Christopher Johnson – We trust yes.
BBC News Brazil – There is a movement for Western powers to recognize election results as soon as the Supreme Electoral Court releases the numbers. This would be a kind of contention maneuver of results. When will the US recognize the result of the Brazilian elections? Will it be right after TSE’s announcement?
Christopher Johnson – As with any election process in the world, the most important thing is the voice of the people. Therefore, we will pay attention to these results. I cannot predict what the (US government’s) stance will be because the most important thing is what the Brazilian people decide.

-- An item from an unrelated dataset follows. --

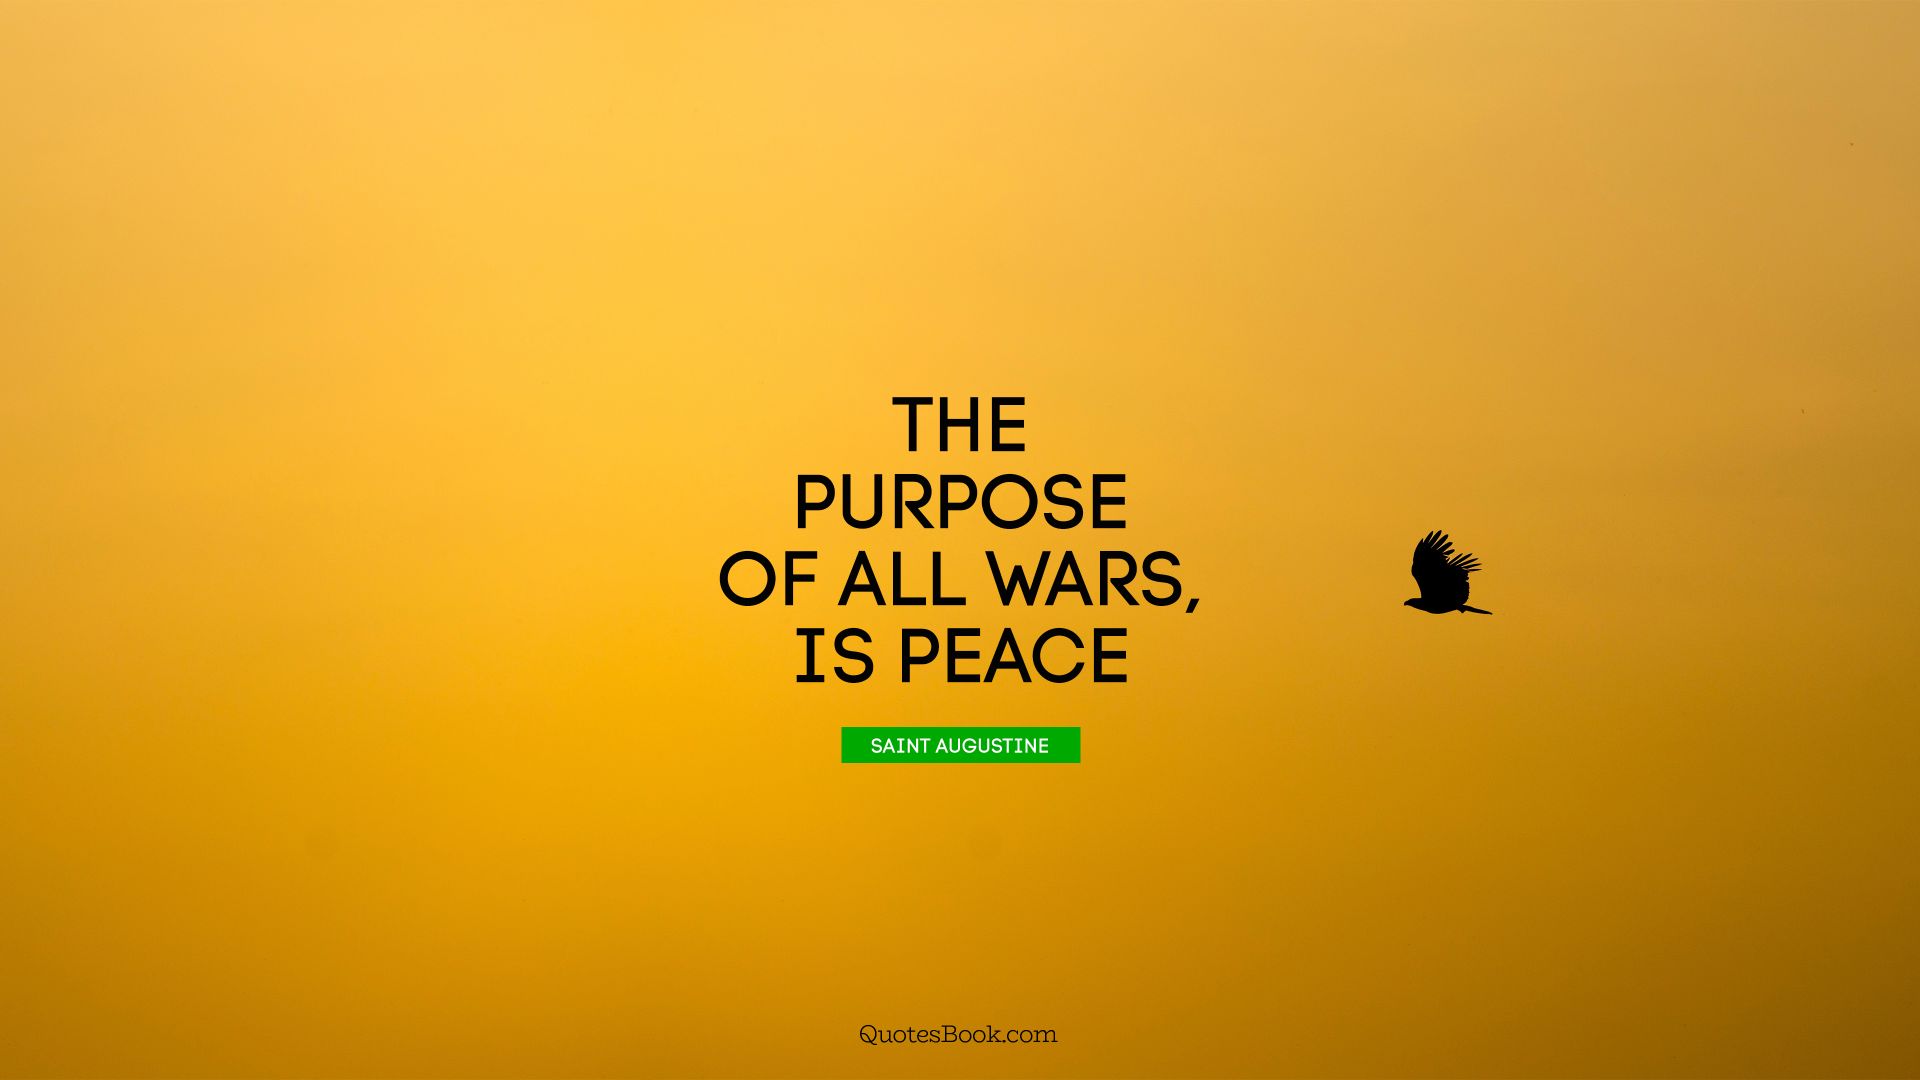 The purpose of all wars, is peace. - Quote by Saint Augustine
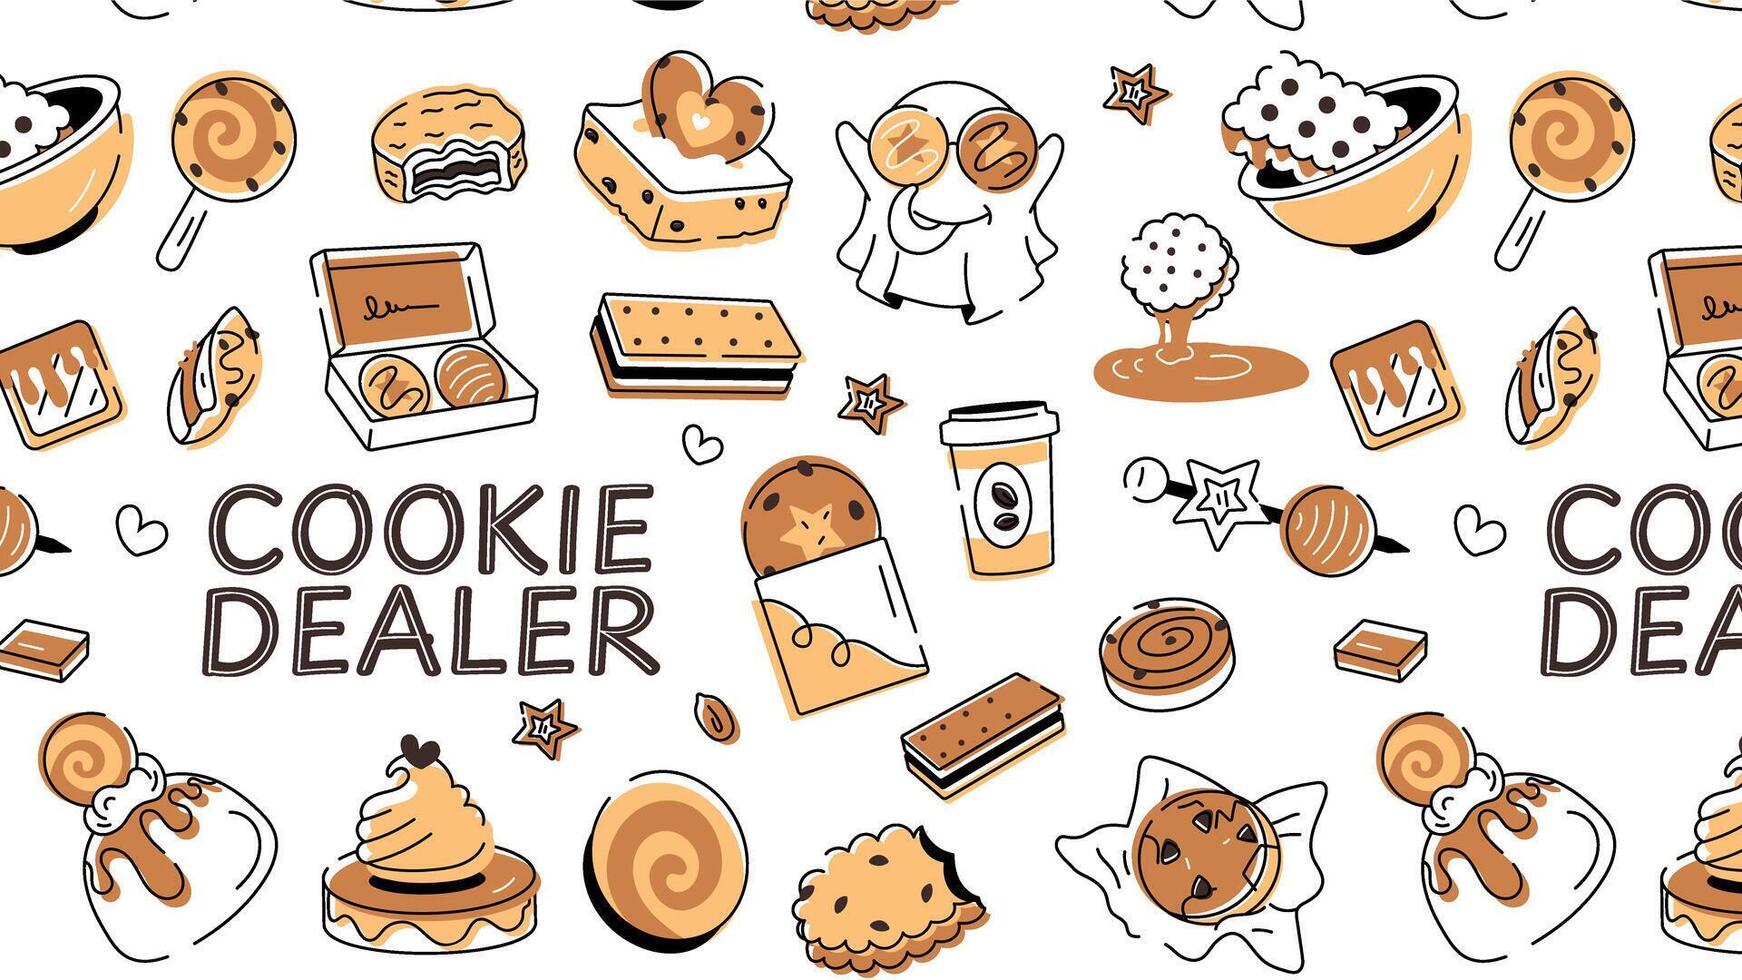 Doodle style cookie pattern depicting various types of bakery food and confectionery items vector

Therefore, I cannot say what our stance will be as we do not have the details. But what we want is to respect the will of the Brazilian people and the Brazilian people.
BBC News Brazil – Former President Lula has hinted that Zelensky would be as guilty of the war in Ukraine as Putin. What kind of relationship do you expect with a final PT government regarding this Russian issue?
Christopher Johnson – Therefore, I do not find it appropriate to talk about a government and a candidate before the elections. We are currently continuing to engage in dialogue with several members of the Brazilian circle. So, of course, we continue the dialogue with President Bolsonaro, other political parties and Brazilian civil society. But I cannot speak of a government that does not exist.